From line 7 we iterate over the list of categorical variables, splitting the main dataframe into subframes one for each category value. From line 14, we iterate over the subframes to extract the response variable vectors(one per category value) and append it to an argument list preparatory to calling the ANOVA function. Finally, in the highlighted lines, we calculate the F-score for that particular feature and append it to a list which we later convert to a sorted dataframe from lines 22 onwards.

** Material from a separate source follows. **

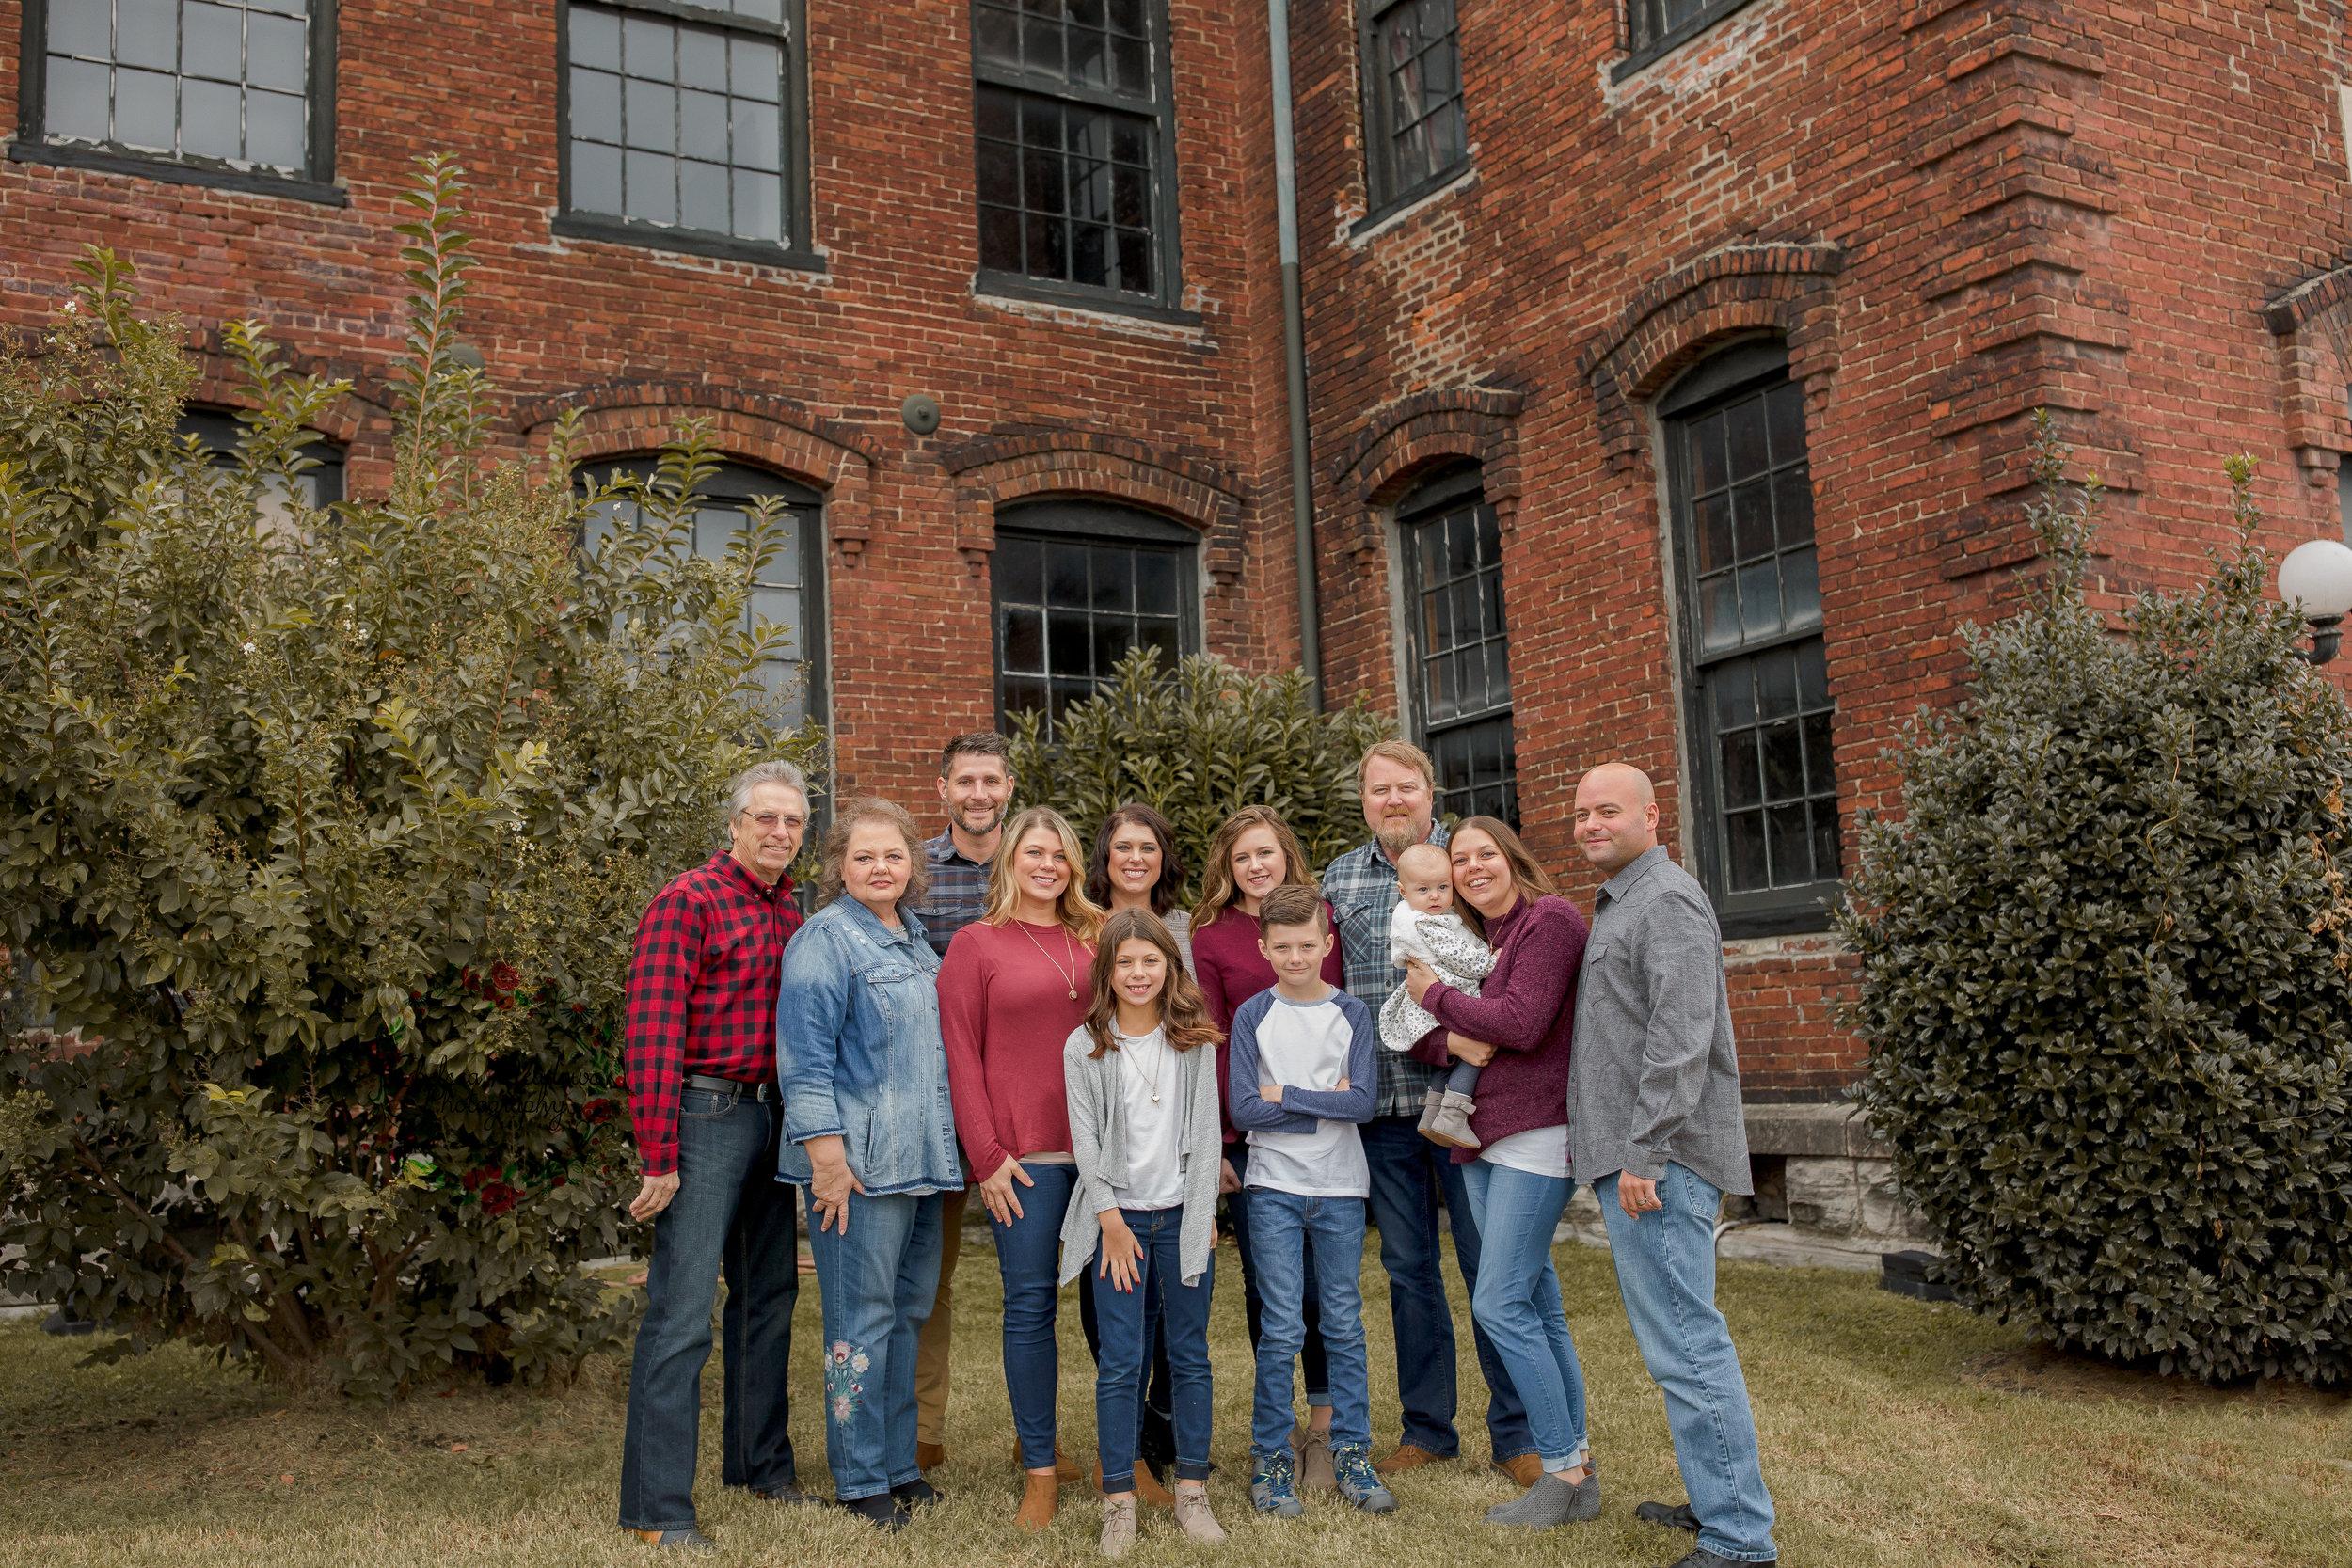 Shannon Family Session - Nashville Family Photographer - Chelsea Meadows Photography (107).jpg

We would then get a table of categorical features in decreasing order of importance as seen below.

	feat	h	p
0	Sale Condition	11862.088786	0.000000e+00
1	Sale Type	11649.484168	0.000000e+00
2	Paved Drive	11426.564666	0.000000e+00
3	Garage Cond	11268.378841	0.000000e+00
4	Garage Qual	11166.915197	0.000000e+00
5	Garage Finish	11030.495476	0.000000e+00
6	Garage Type	10328.708545	0.000000e+00
7	Functional	9674.236518	0.000000e+00
8	Kitchen Qual	9645.993093	0.000000e+00
9	Electrical	8721.048294	0.000000e+00
10	Central Air	8576.530553	0.000000e+00
11	Heating QC	8441.378149	0.000000e+00
12	Heating	7935.587928	0.000000e+00
13	BsmtFin Type 2	7924.419589	0.000000e+00
14	BsmtFin Type 1	7901.301287	0.000000e+00
15	Bsmt Exposure	7387.120701	0.000000e+00
16	Bsmt Cond	7124.662257	0.000000e+00
17	Bsmt Qual	7061.629472	0.000000e+00
18	Foundation	6096.974304	0.000000e+00
19	Exter Cond	5375.322697	0.000000e+00
20	Exter Qual	5344.786094	0.000000e+00
21	Mas Vnr Type	4407.873986	0.000000e+00
22	Exterior 2nd	4044.730460	0.000000e+00
23	Exterior 1st	3605.698606	0.000000e+00
24	Roof Matl	3166.997822	0.000000e+00
25	Roof Style	3150.723404	0.000000e+00
26	House Style	3072.309979	0.000000e+00
27	Bldg Type	2840.675901	0.000000e+00
28	Condition 2	2764.800185	0.000000e+00
29	Condition 1	2740.046612	0.000000e+00
30	Neighborhood	2630.599196	0.000000e+00
31	Lot Config	1406.872181	9.047556e-271
32	Land Slope	1414.790250	4.264197e-270
33	Land Contour	1358.608290	5.005876e-267
34	Utilities	1361.113269	4.387615e-265
35	Lot Shape	1298.090210	1.578868e-257
36	MS Zoning	1047.959037	2.291721e-209
37	Street	1055.446473	3.057046e-209
38	MS SubClass	676.652485	2.472914e-135

The list throws up some surprising and not-so-surprising insights!